Para nelayan juga tidak ada yang melaporkan jaringnya tersangkut penyu lalu dilepaskan lagi. Diduga banyak penyu yang mati akibat faktor alam. Gelombang besar dan arus yang kencang bisa menyebabkan kematian penyu. ”Juni-Juli-Agustus angin benar-benar kencang dari arah timur. Gelombang besar dan arus deras. Itu bisa berpengaruh. Ketinggian gelombang bisa mencapai 3-4 meter dan kecepatan air bisa 60-70 knot,” katanya.
Saat dihubungi secara terpisah, pengendali Ekosistem Hutan Muda BKSDA Provinsi Jawa Tengah, Budi Ambong, menyampaikan, penemuan bangkai penyu secara berturut-turut hingga sembilan kali itu mengindikasikan ada pencemaran. VMungkin ekosistemnya tercemar. Pasti di habitatnya ada yang tidak beres, harus ditemukan cemarnya apa, kok mati,” kata Budi.

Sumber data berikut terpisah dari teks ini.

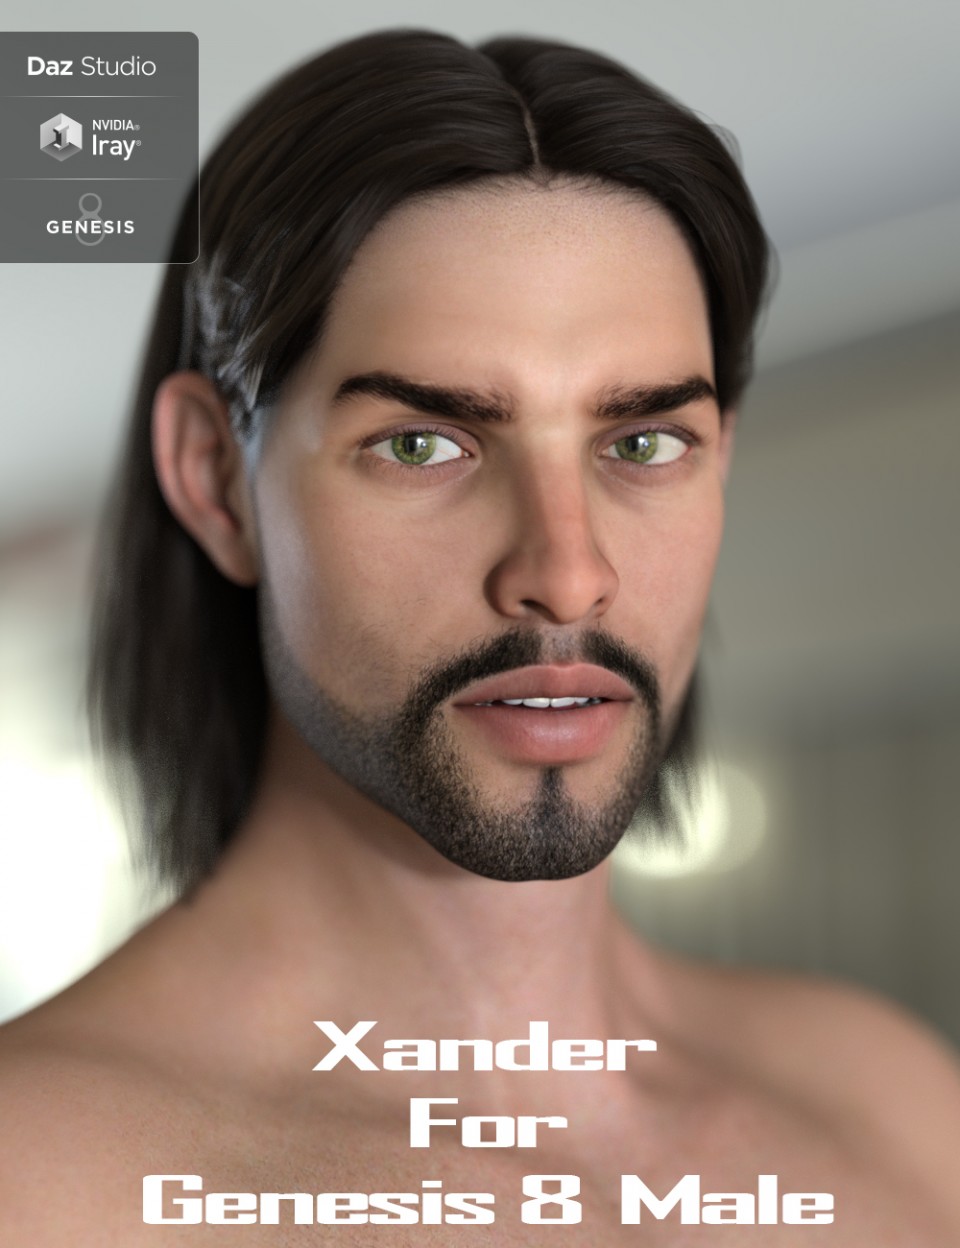 Xander for Genesis 8 Male

Budi menyampaikan, untuk mencari penyebabnya, diperlukan penelusuran di sekitar kawasan tersebut apakah ada pabrik yang membuang limbah berbahaya ke sungai atau lautan. ”Perlu diketahui lokasi penemuan di mana, dekatnya apakah ada pabrik atau ada yang membuang limbah sehingga bahan aktif pencemarannya dapat diketahui,” katanya.